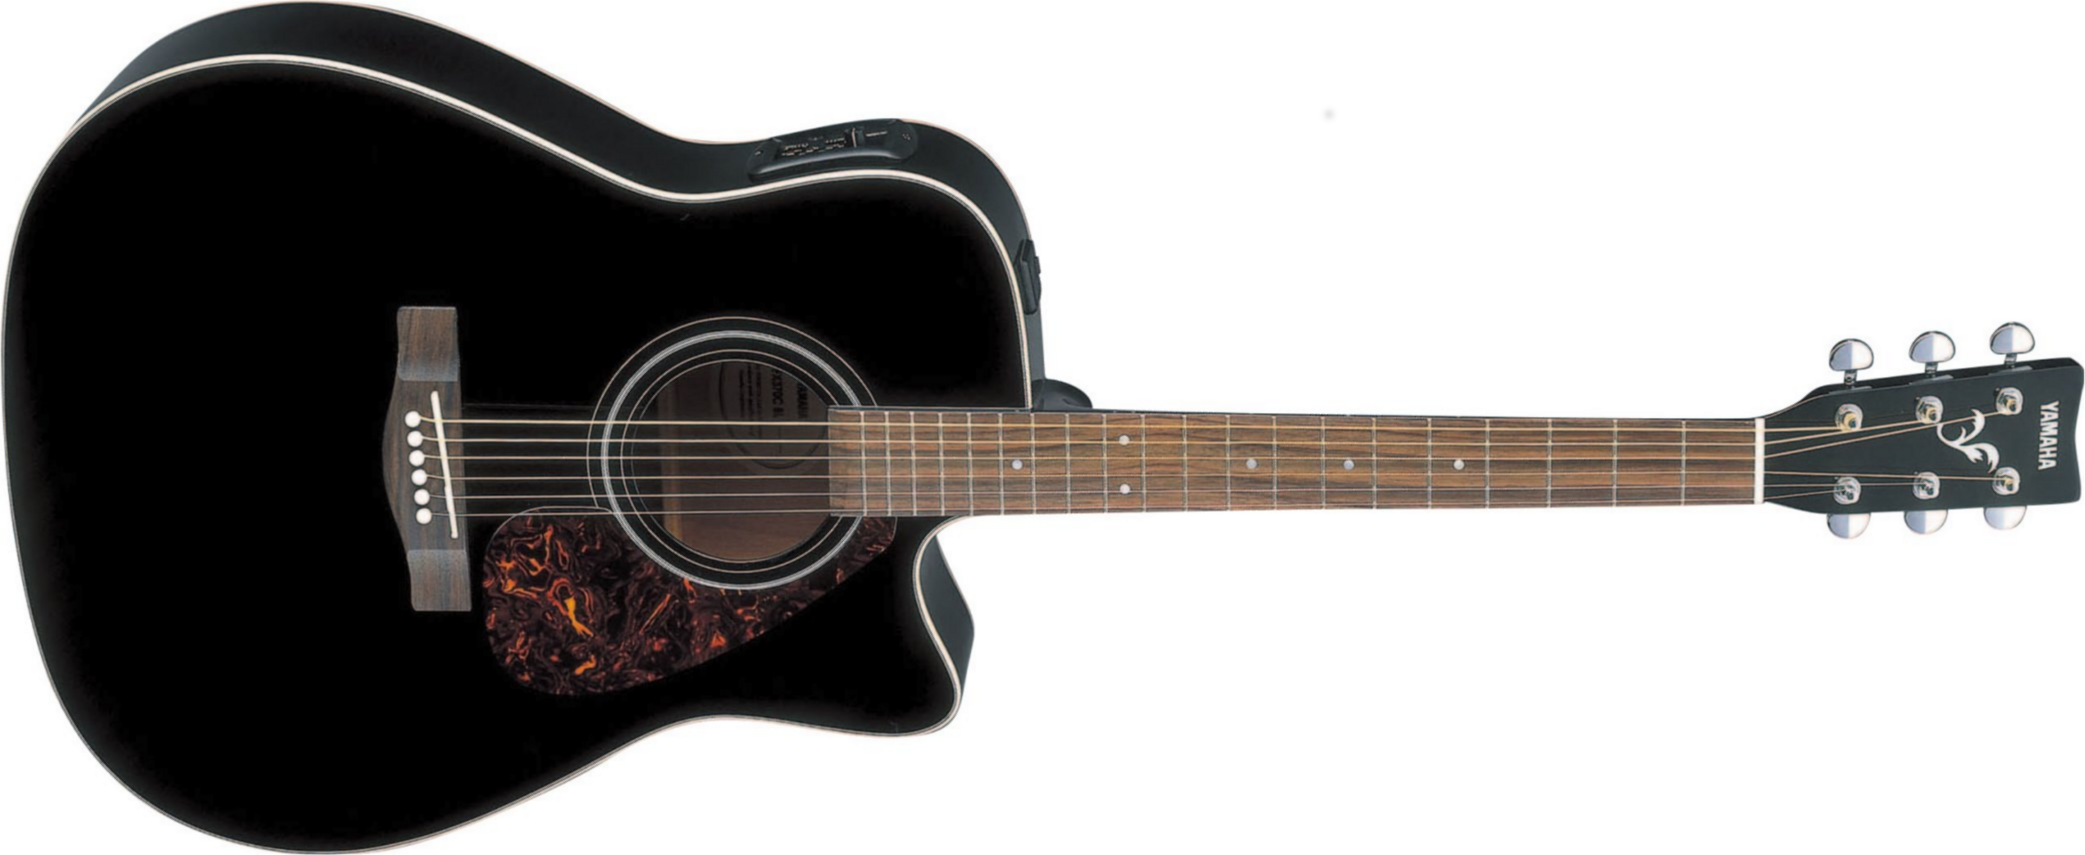 Yamaha Fx370c - Black - Electro acoustic guitar - Main picture
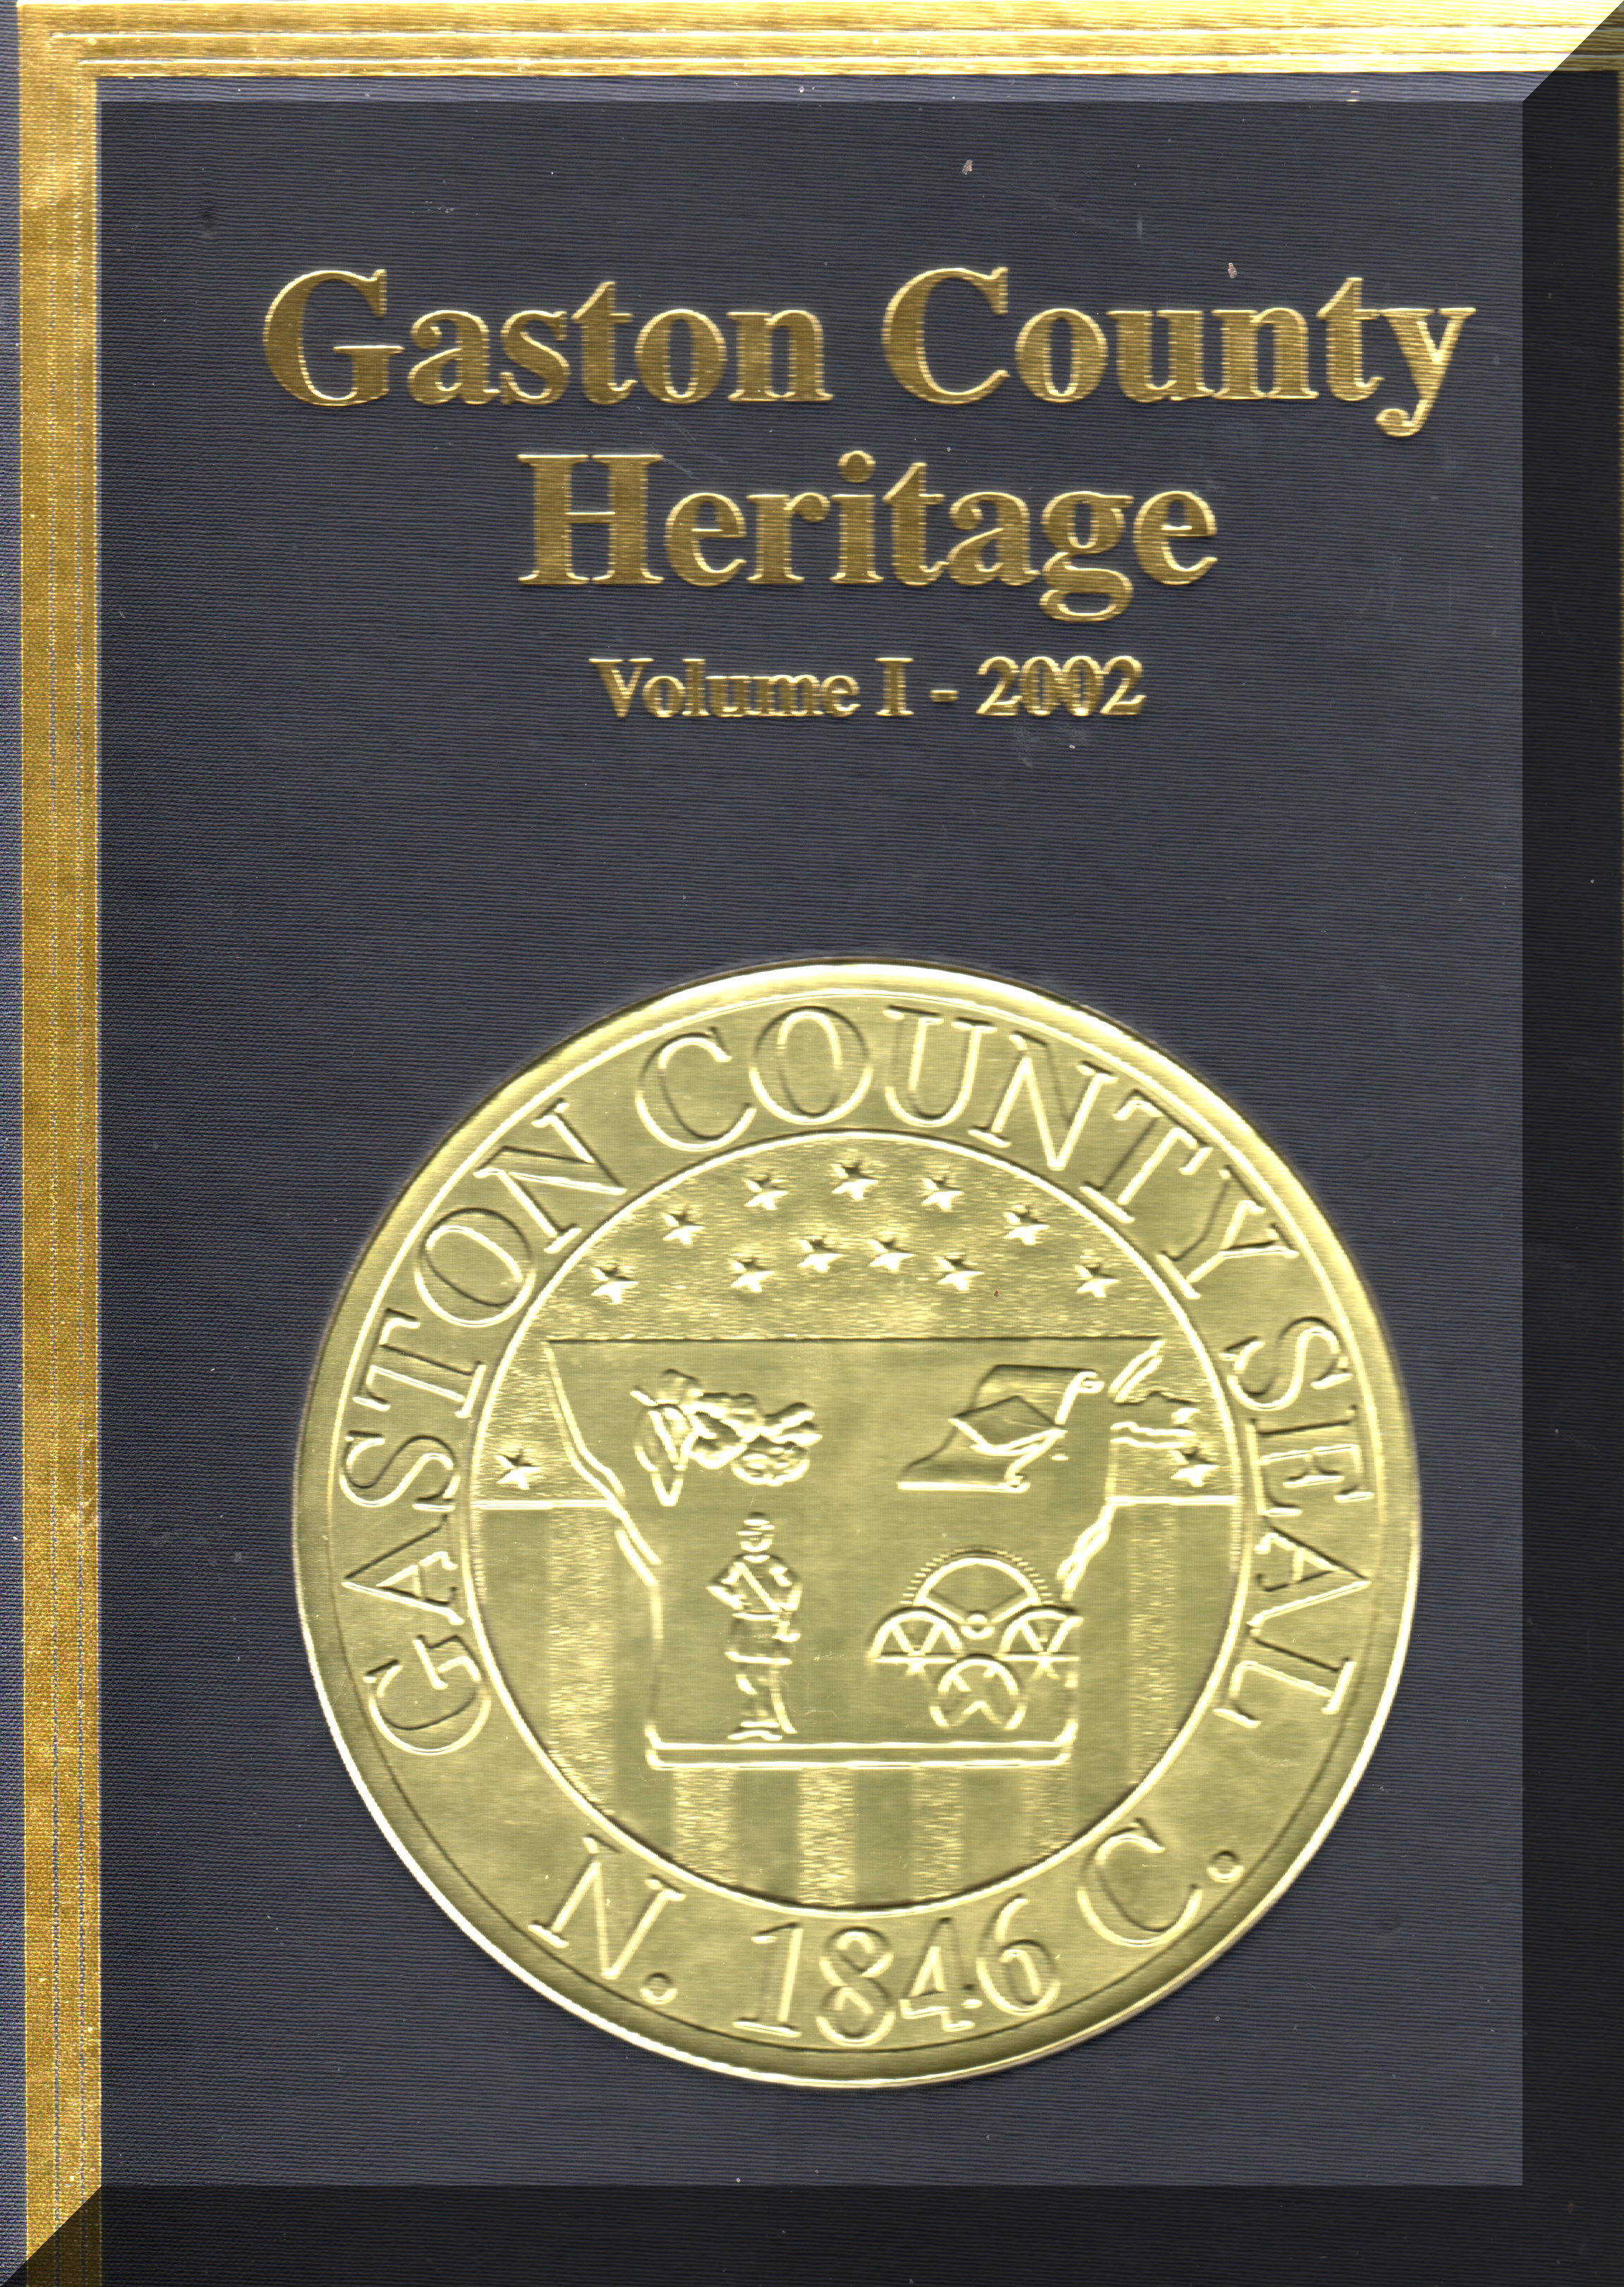 Gaston County Heritage 2002 Vol. 1
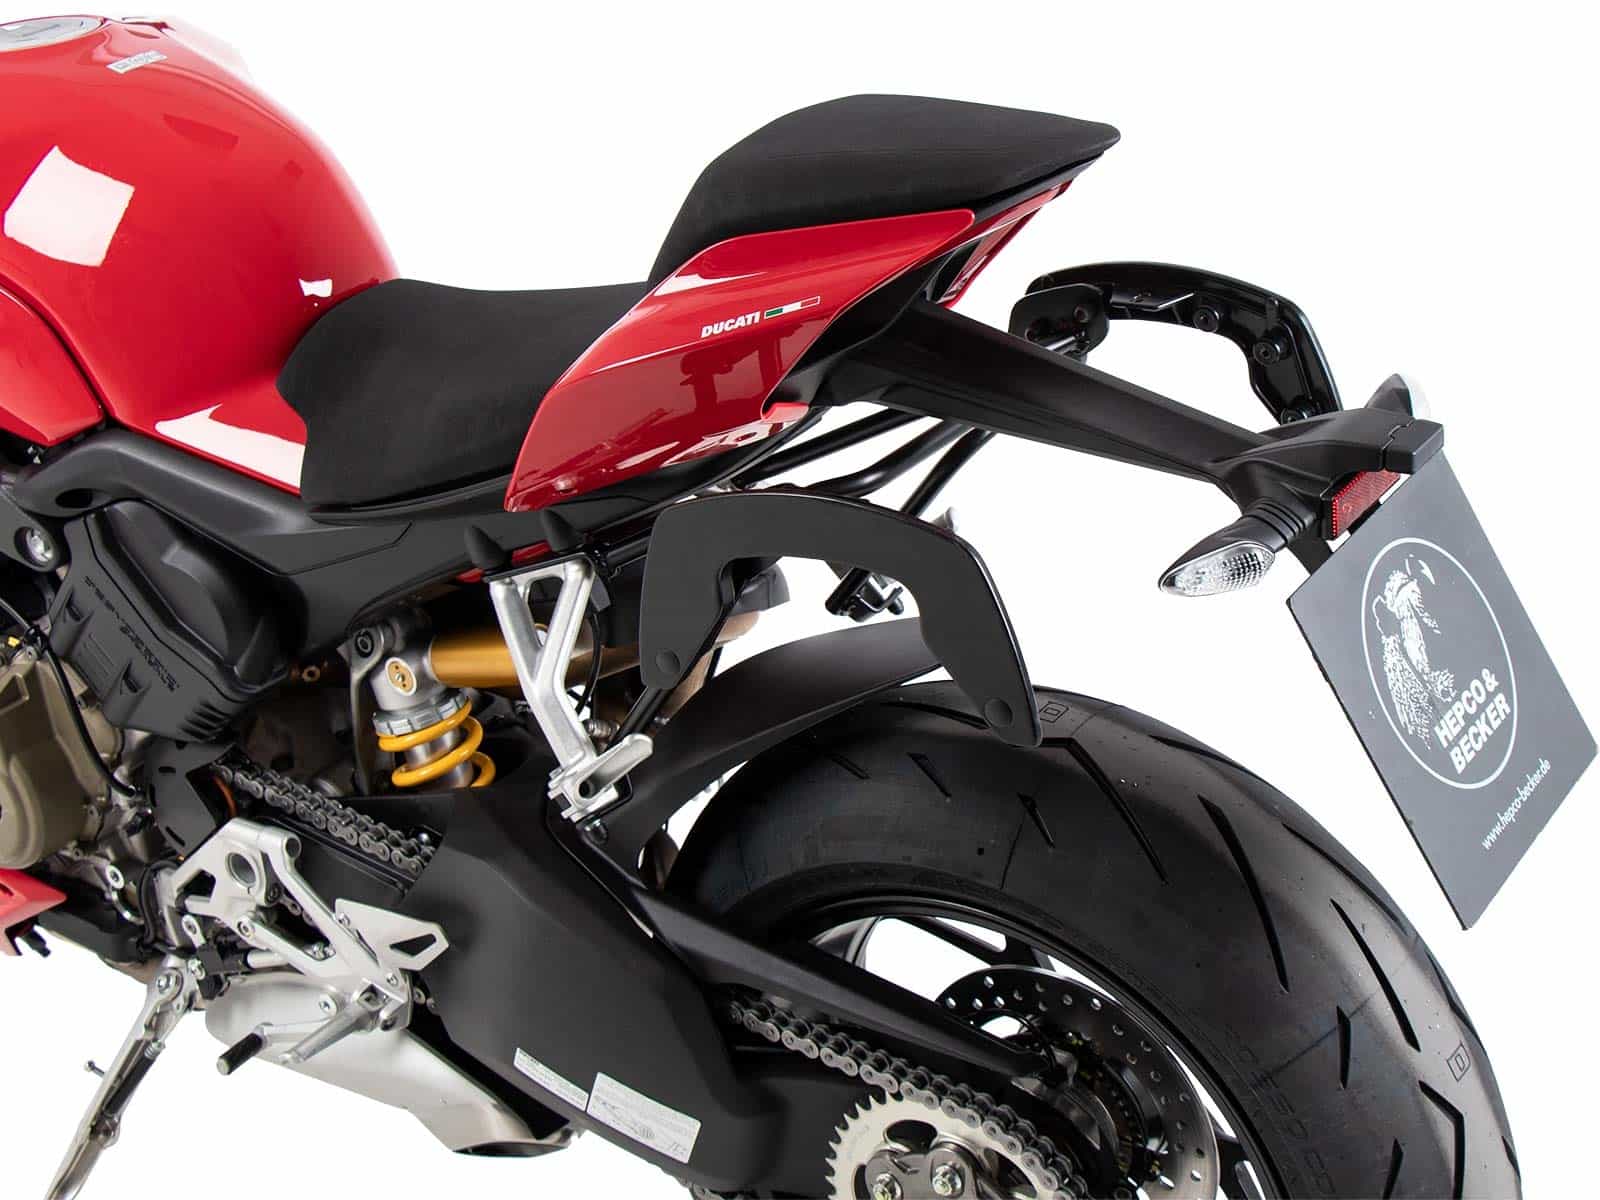 C-Bow sidecarrier for Ducati Streetfighter V4 / S (2020-)
========
Task details:
Only the pictures are to be left out, and all of the data must otherwise be transcribed exactly.

Task result:
 Yamaha Fx370c - Black - Electro acoustic guitar - Main picture
 Gaston County Heritage 2002 Vol. 1
 C-Bow sidecarrier for Ducati Streetfighter V4 / S (2020-)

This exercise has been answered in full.